Rich Horwath, CEO of the Strategic Thinking Institute, found in his research that 44% of managers spent most of their time firefighting in cultures that rewarded reactivity and discouraged thoughtfulness.

Almost all the Senior Executives I’ve worked with, claim that they lacked time for strategic thinking because they are always busy with trifling problems at hand all the time.

Here are five practical ways I’ve helped executives to learn to improve their strategic thinking.

 

1. Focus on the big picture:

Leaders and managers shouldn’t be spending most of their time in micromanaging. They should be always spending their time in thinking and solving big issues rather than smaller ones. Time, energy and effort in handling larger issues that could have a higher potential impact on the organisation enable them to be strategic.

More you are clear, decisive and focused at the macro level, more strategic you become.

 

2. Ask the right questions:

“How does this impact in the long run from a larger perspective?”, should be the question you should be asking all the time. Unfortunately, the most common question is “how do I get out of this immediately?” which are short term and quick fix.

Big thinking questions are the language of strategic thinking. For example, while Career Crafting one should be thinking what is that he or she would like to be doing 5 years from now or 10 years from now, not just tomorrow or day after.

 

3. Speak strategic:

Strategic thinkers also speak the language of strategy. They know how to prioritise and order their thinking process towards the big picture. All their communication, written or verbal will convey strategic intentions to their audiences. They never discuss trivial things as they know that it really doesn’t matter much.

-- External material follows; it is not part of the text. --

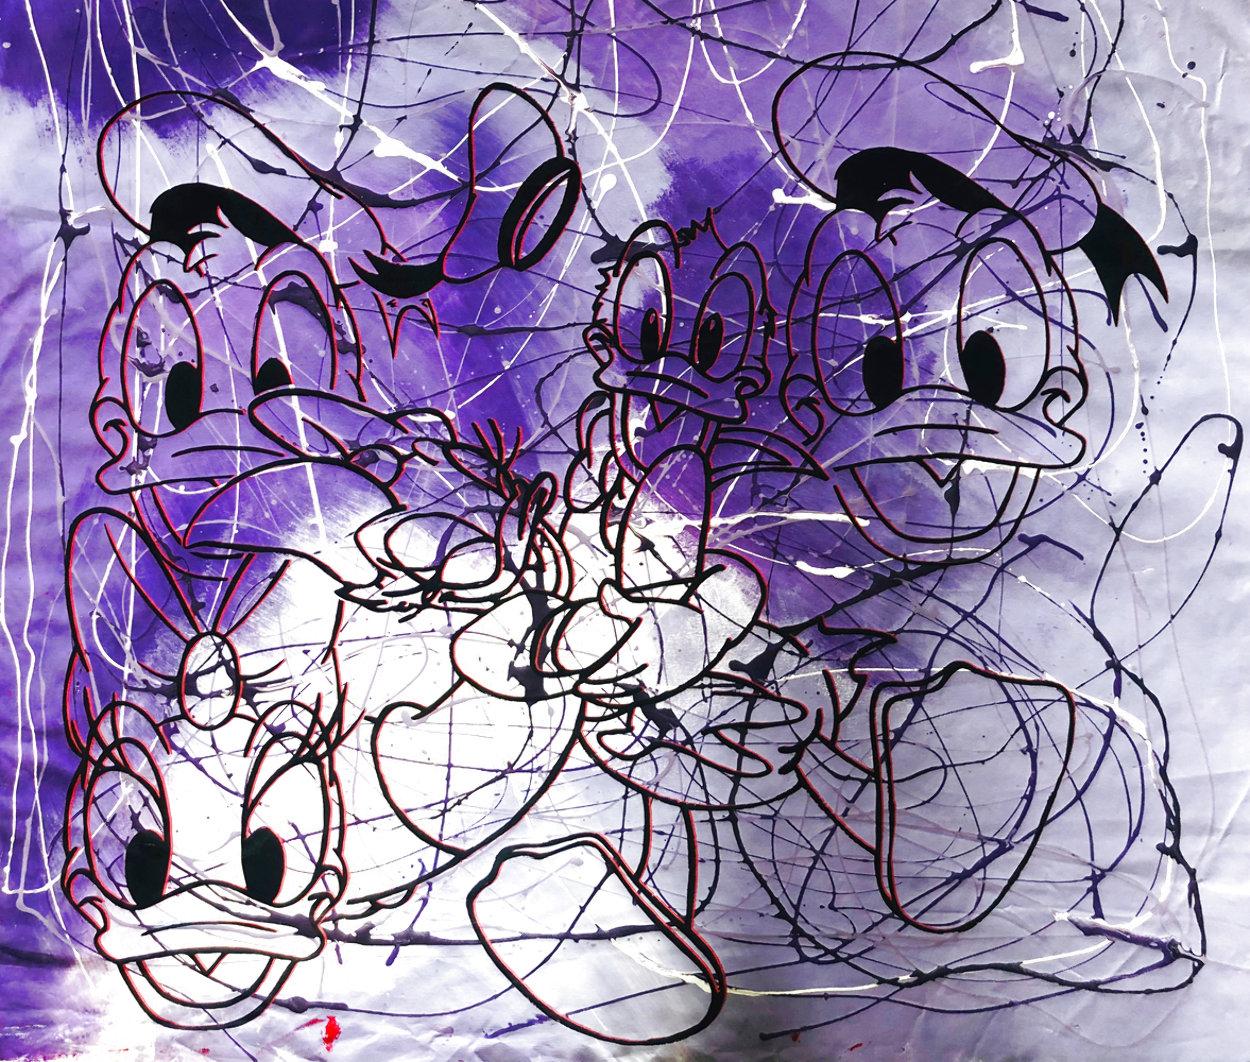 Disney Daisy Donald Duck Purple White Unique  1999 42x50 Original Painting by Steve Kaufman
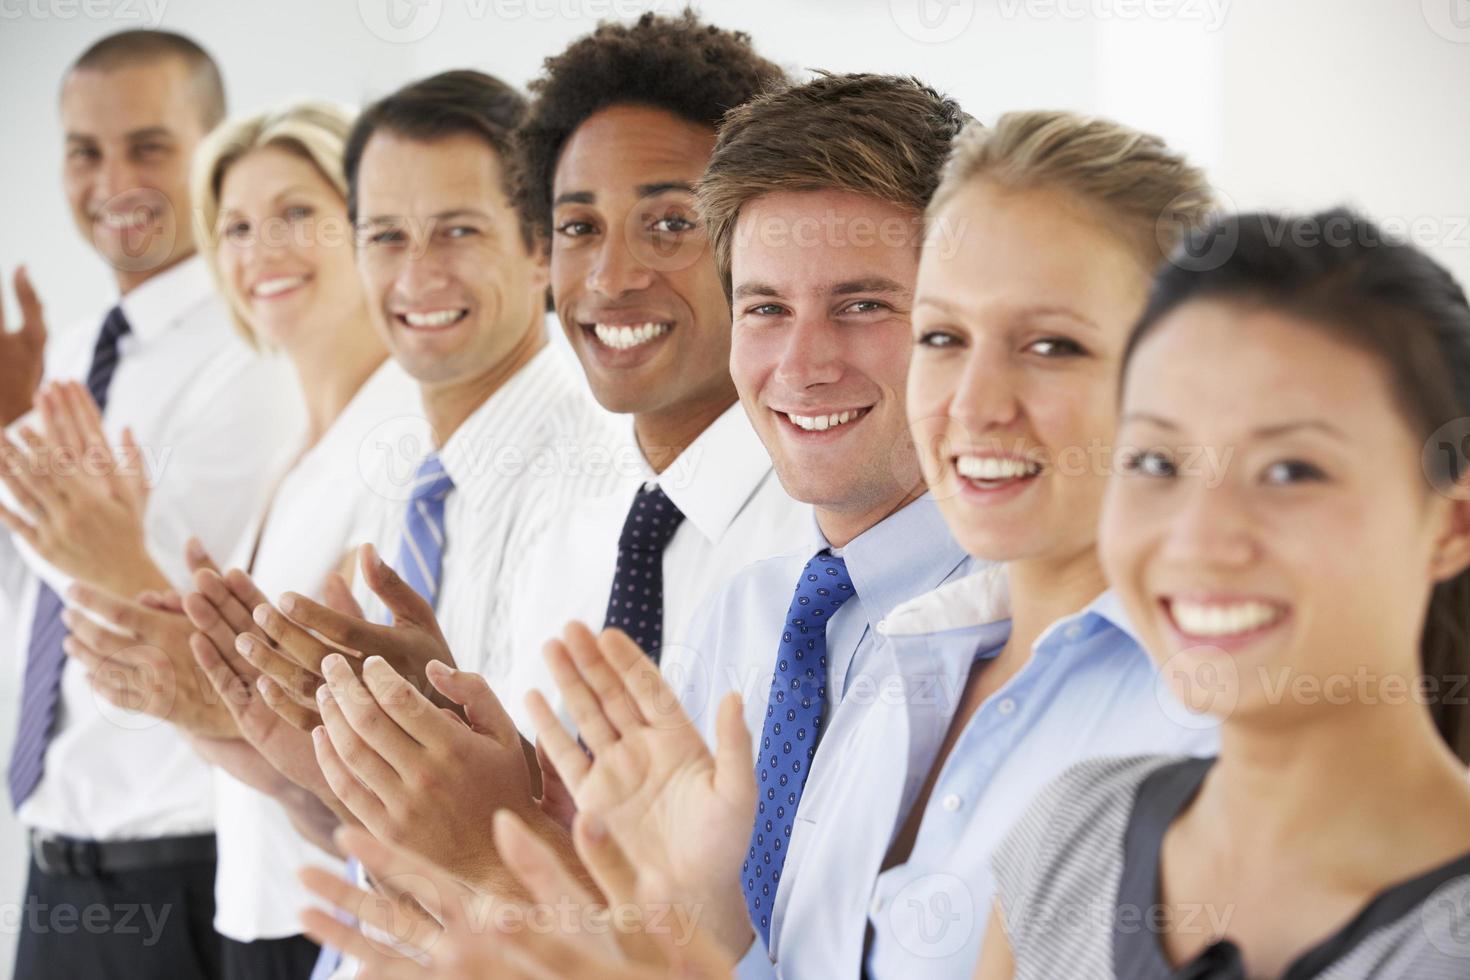 ligne de gens d'affaires heureux et positifs applaudissant photo

If you could add more consistency, structure and results orientation in all your communication, you’ll surely sound strategic. The way you speak has all the power to create a perception about you inside and outside of you in reference to strategic thinking.

 

4. Make time for thinking:

Seldom I’ve seen senior managers who take time off for thinking because they are always running from meeting to meeting throughout the day. What happens in those meetings mostly are arguments, fights and confrontations on trivial issues. Where is the time to think and contribute strategically if one is always occupied without time to reflect?

Neuroscience researcher Loran Nordgren explained unconscious thought is the more intuitive, right-brained kind of thinking that leads to flashes of insight about how to solve problems. Giving yourself time for unconscious thought is a key component of making effective decisions when there is a large amount of data or a complex problem to solve strategically.

 

5. Take better strategic decisions:

Today’s world is complex and getting more so each day. Huge multinational corporations, international crisis and fast breaking events require most people to make decisions on a daily basis without the tools to understand the long-term impact that today’s decision might create.

As a leader and manager who ends up taking decisions all the time, it’s important that you develop the art and science of strategic decision making.  Especially with increasing number of parameters and factors to be considered in any decisions making process, strategic thinking becomes an essential ability.

 

The process of building strategic thinking skill will not be easy. You might feel that you are filled with lots of problems that needs your immediate attention, which is not true actually. Your vision will not be very clear as you are looking at the longer horizon. You may have to fight out your own assumptions and beliefs. However, once things settle down, you will able to think at a much higher level.